In our previous post, we discussed some of the evidence suggesting that technology is indeed endogenous and does respond to scarcities and prices.
Many economists have worked on modeling this type of endogeneity of technology and how it responds to prices. Remember the great economist John Hicks’s assertion, which we quoted in our previous post, about how higher price of a factor will tend to induce technological changes directed at economizing on that factor.
Hicks was not the only major figure to think about these issues. Charles Kennedy, Paul Samuelson, and Drandakis and Edmund Phelps all weighed in in the 1960s with various theoretical models. But in the age before micro-founded models of endogenous technology based on monopolistic competition, they faced a major challenge: how to model technological progress.
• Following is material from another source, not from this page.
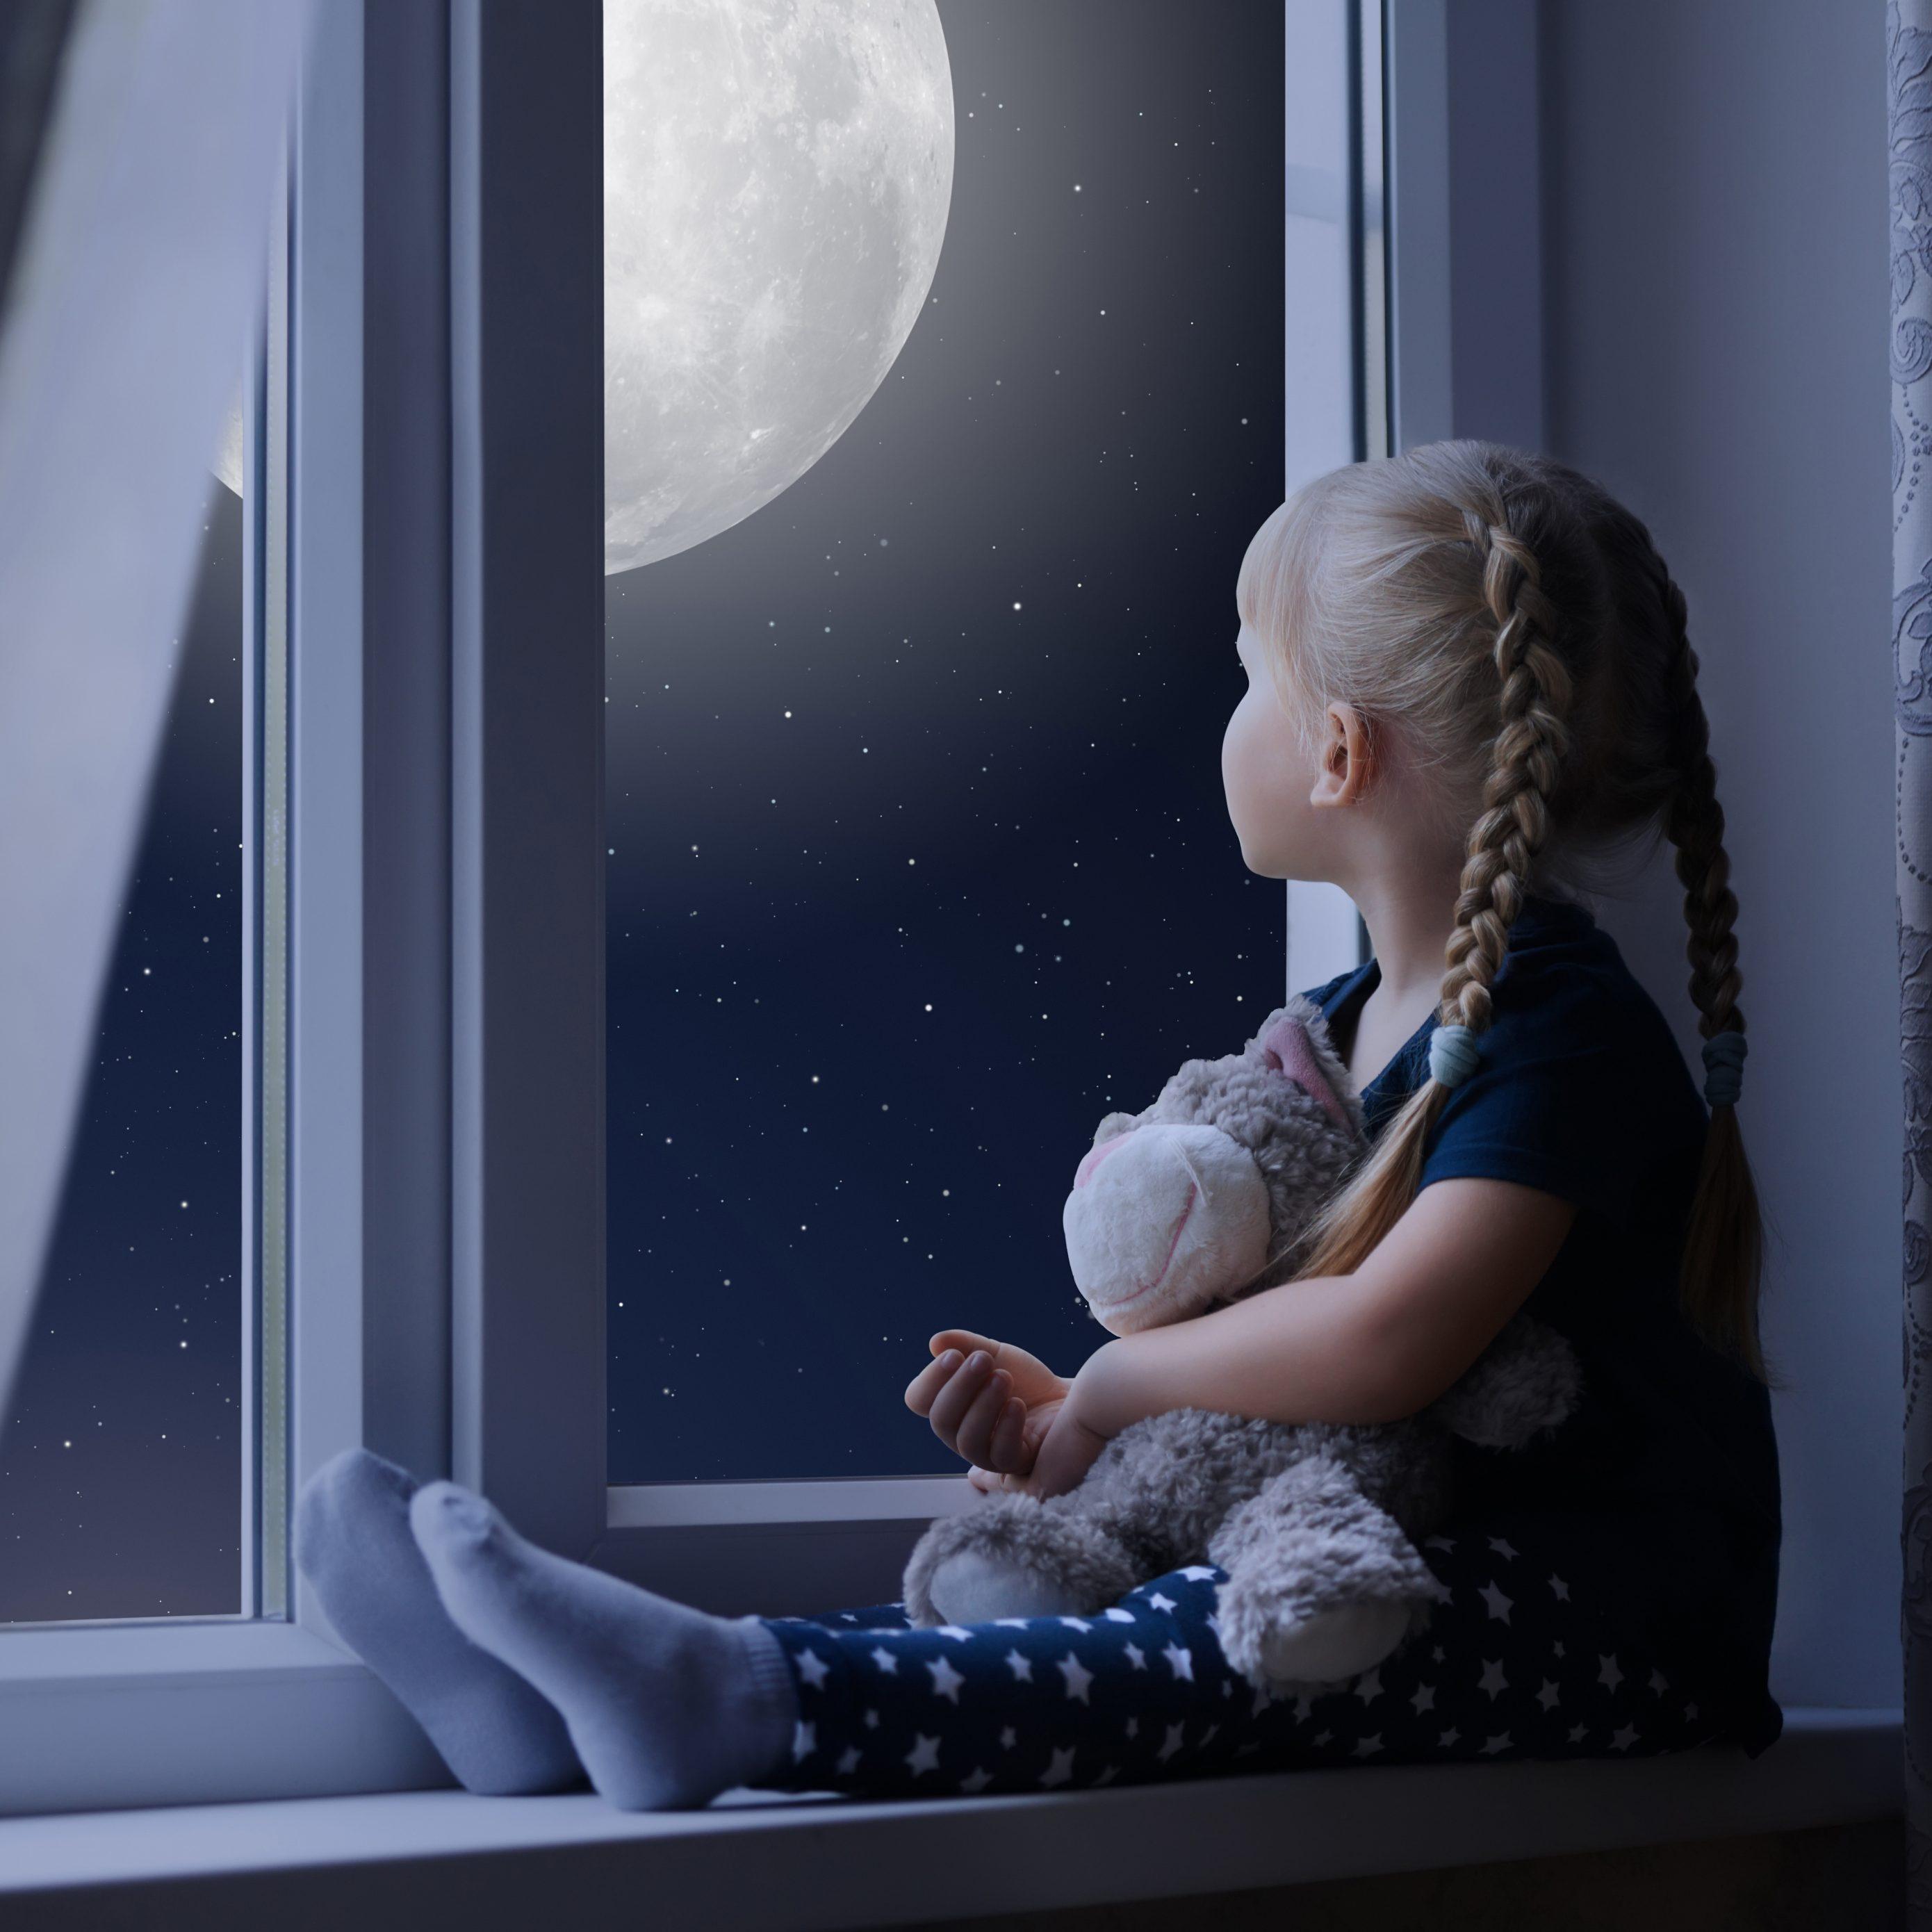 Little Girl Sad Window Teddybear Night Moon 8k Wallpaper Best
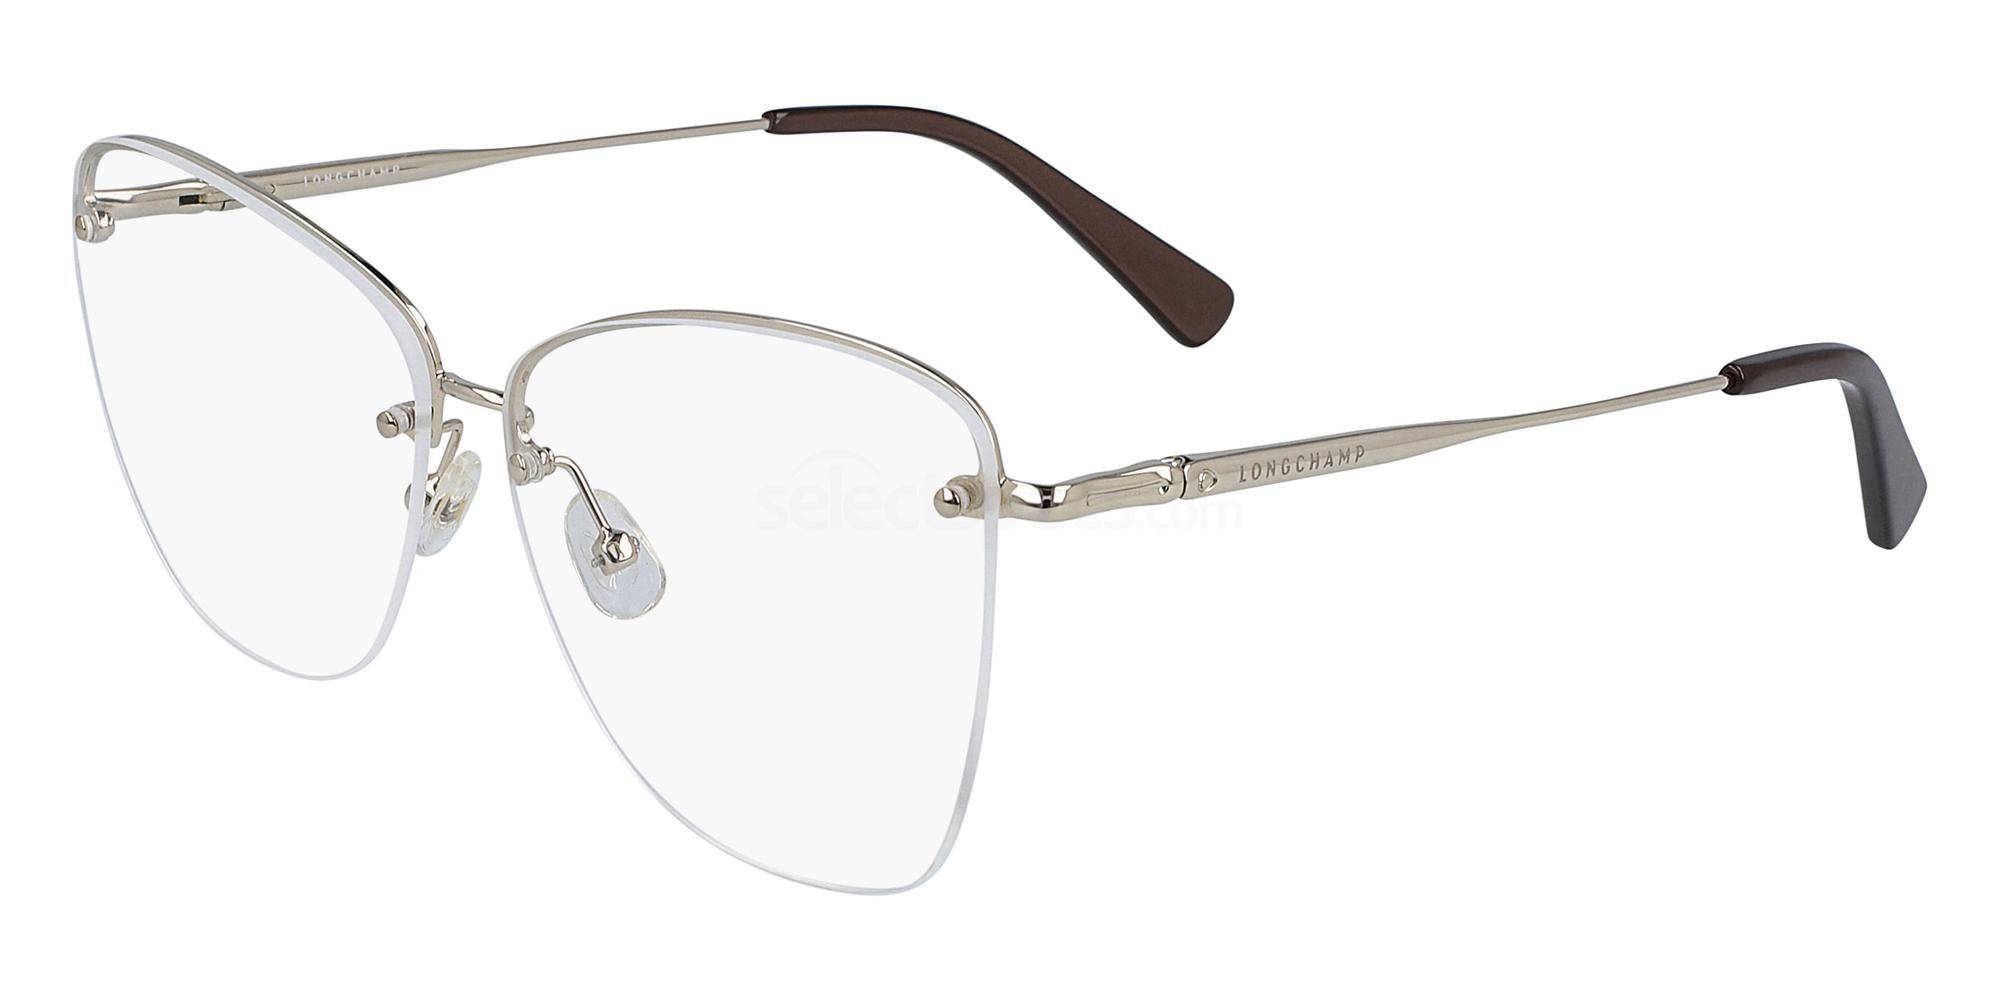 714 LO2116 Glasses, LONGCHAMP

(The technical, but also conceptual, problem was this: If the production function of firms exhibited constant returns to scale in capital and labor, then they would have increasing returns to scale with technology being chosen by firms also, and this would make price-taking behavior impossible).
These models turned out to be not just tractable but also quite surprising in some aspects. In particular, as this paper shows, the implications are quite robust but also different from those that Hicks and others conjectured. But this is a topic for another time.
For our focus here, what is more important is the application of these ideas to the issues of resource scarcities and other environmental implications, which were studied in work by Daron, Philippe Aghion, Leonardo Bursztyn and David Hemous. This work does shed quite a different light on the debate between Ehrlich and Simon.
Recall Simon’s most important point: technology will endogenously respond to scarcities.
One of the results in this research provides a clear support for this line of reasoning: if oil gets scarcer over time, then technology will endogenously switch to cleaner sources of energy, reducing our dependence on oil.
So far so good.
But things are not really as rosy as Simon’s view would suggest.
The real problem isn’t the world running out of oil, but the world frying itself with all sorts of fossil fuels — not just oil but also coal. And coal doesn’t look like it will run out anytime soon.
More specifically, as production using fossil-fuel-based energy creates climate change, economic growth can indeed bring the downfall of the world as we know it (though the exact extent of this does depend on how the world will adjust to significant increases in average temperatures and the variability of climate, on which there is some debate).
In the process some sources of energy may become scarcer, but provided that there are other sources of “dirty” energy, such as coal, this won’t change the trajectory of fossil fuel consumption and climate change.
This research and a complementary paper by Daron, Ufuk Akcigit, Doug Hanley and Bill Kerr suggests that directed technological change may actually make things worse. To start with, dirty technologies are more advanced than clean technologies based on wind, solar power or geothermal (and even, more controversially, nuclear power). Given this state, directed technological change implies that private incentives will encourage firms and researchers to invest more in using and improving these dirty technologies — clean technologies are just too far behind and won’t be competitive, so it wouldn’t make private sense for people to invest much in them.
But in fact, the most important lesson of this work might be a perspective that brings Ehrlich and Simon together. Though the market without intervention fails and fails badly (think environmental disaster), government intervention can be hugely powerful because it leverages the endogeneity of technology and, as Simon posited, the power of the market to generate new technologies.
If the government intervenes and subsidizes clean research, then this can powerfully stave off an environmental disaster. That intervention is necessary comes from the fact that the market, by itself, will not internalize the negative impact it’s creating on the environment (and on future generations).
This is much more powerful than one might have imagined because of an interesting reasoning. Once the government intervenes by subsidizing clean research, this starts making clean technologies better and better over time. As they become sufficiently better and thus competitive with dirty technologies, the tables turn. Now private incentives that previously directed everybody to invest in and do research for dirty technologies start encouraging the advancement of clean technologies.
Perhaps surprisingly, the government does not even need to intervene forever. Temporary (though not short-term) interventions are sufficient to redirect technological change towards clean technologies and slow down adverse climate change.
What about carbon taxes? Carbon taxes would do the same also, but interestingly they are not by themselves sufficient. Unless one is willing to have prohibitively high carbon taxes — enough not just to reduce carbon consumption today but to also change the future path of technological change — subsidies to clean research have an important role. And typically it would be very costly to have such high levels of carbon taxes anyway.
So bringing Ehrlich’s concern about the adverse implications of economic growth together with Simon’s insight that endogenous technology is a powerful force leads to new and somewhat hopeful insights.
But here’s the catch. Will governments actually do it? Will they choose the right levels of subsidies to clean research and carbon taxes to slow down and even stop climate change? Or will they just stick to business-as-usual until it’s too late? That brings us to our next topic: the politics of technology.